Recycling an old photo of the board, let me assure you of one thing: random lead clippings that short pins on the programable chip can be quite annoying. I must have re soldered 10 different components before I saw the lead clipping laying there. Assemble, disassemble, reassemble, disassemble... That cost a good 20 minutes. But finally I have the main board complete!
Next, it was time to kit the box. The instructions recommend not kitting until the rig has been fully tested. In retrospect, that makes sense... sigh. Here's how it looks now that it's kitted, though!
The circuit board mounts into the top of the case, with 4 screws which seem to provide ground. That will become important shortly... Kitting everything was pretty straightforward, although I was surprised that the power tap didn't fit. I had to ream out the hole just a bit (nothing a really sharp tempered steel knife couldn't handle). Remember the comment about the external power? Well, if you look really close you'll see I connected the center pin on the external power jack to the ground (white lead), and the outside of the jack to the board's power. Yes, I'm sure you did the math and arrived at the conclusion I overlooked: this causes a short and can really heat up a battery quickly. I'm actually lucky I tested with 8 AA's at 12v rather than a larger 12v SLA battery that could have delivered a bigger punch!
The internal battery pack has sticky tape on it. It needs to be soldered to a wire. This is one of two complaints I have about the entire kit: the plastic battery case melts before the contacts are warm enough for the solder to flow. (My other complaint is about the documentation on T1 and on the monster torroid.) You can barely see it my workaround, but I ended up soldering to the spring inside the battery pack (topmost row, on the far right).
This is the rig, no decals yet. That yellow color is pretty bright--selected to help you find or avoid stepping on the rig while operating in the field.
Connection points. From left to right: power, BNC antenna, switch from BNC to balanced line, and balanced line contacts.
Well at this point I'm pretty happy. My buddy WB6YOK and wrapped up around 10:30 Saturday--another quite long evening and I know my wife will be happy when I'm done disappearing for half a day at a time. I know I will be!
Evidence: it runs on external power. It runs on internal power. It runs!

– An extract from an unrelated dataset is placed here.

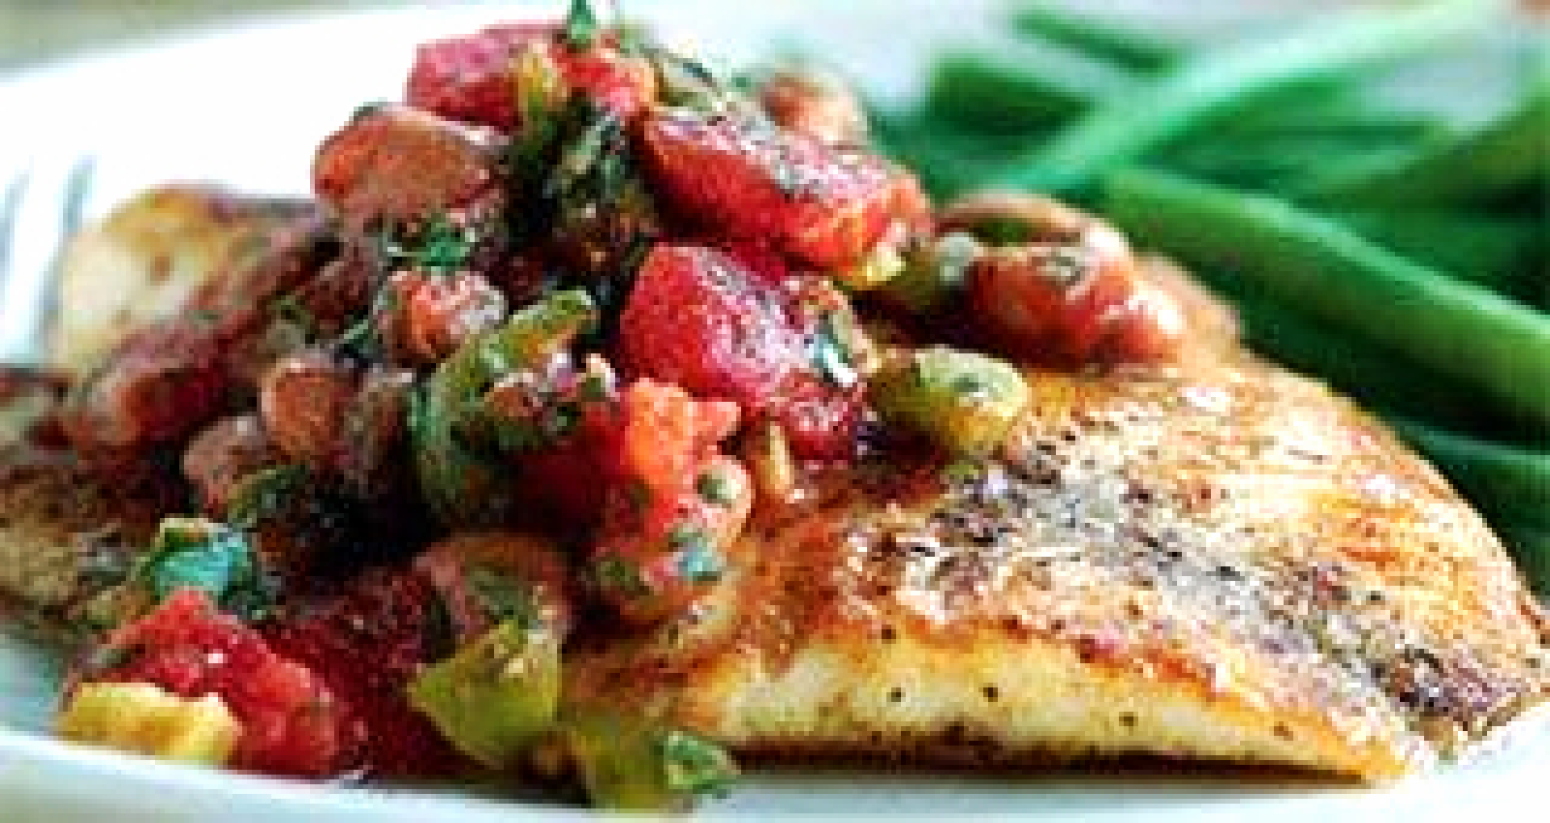 Veracruz style red snapper recipe just a pinch recipes for Fish veracruz recipe

My preliminary testing was indeterminate--lower power reading on the SWR/power meter, but the antenna was poorly tuned. My Elecraft T1 tuner showed 5+ watts on 40 and 30 (the tuner has LEDs to indicate 1, 5 and 10 watts, so if the rig puts out 4.5 watts it's still not possible to know anything other than the righ puts out more than 1 watt). More testing yet to be done.
Next steps:
1. More output testing: I'd like to buy a few $0.50 50 Ohm resistors, build a dummy load, and test on a matched "line".
2. Install decals
3. Clear coat
4. I'm toying with spraying some reflective clear paint I have on various spots around the rig, to aid discoverability during nighttime
5. I would love to find some small rubber "covers" to put over the 4 switches. The rest of the through holes are actually sealed, but these 4 aren't. We swapped out cable boxes recently, but kept the old remote and it has a few rubber covers which just might work.
6. Build a balanced line and test the BLT
7. QSO!
I broke this out a couple days ago and tuned around the bands. I was swapping back and forth between my 817 and the PFR. I got a report later from a ham in Oregon that he'd heard me call CQ on 40 but he couldn't get his rig set up in time to answer me (I QSY'ed a bit too quickly). I don't know which radio I was on at the time).
Between the dummy load and figuring out the "recipe" for my Buddistick, I think I'll have this dialed in shortly.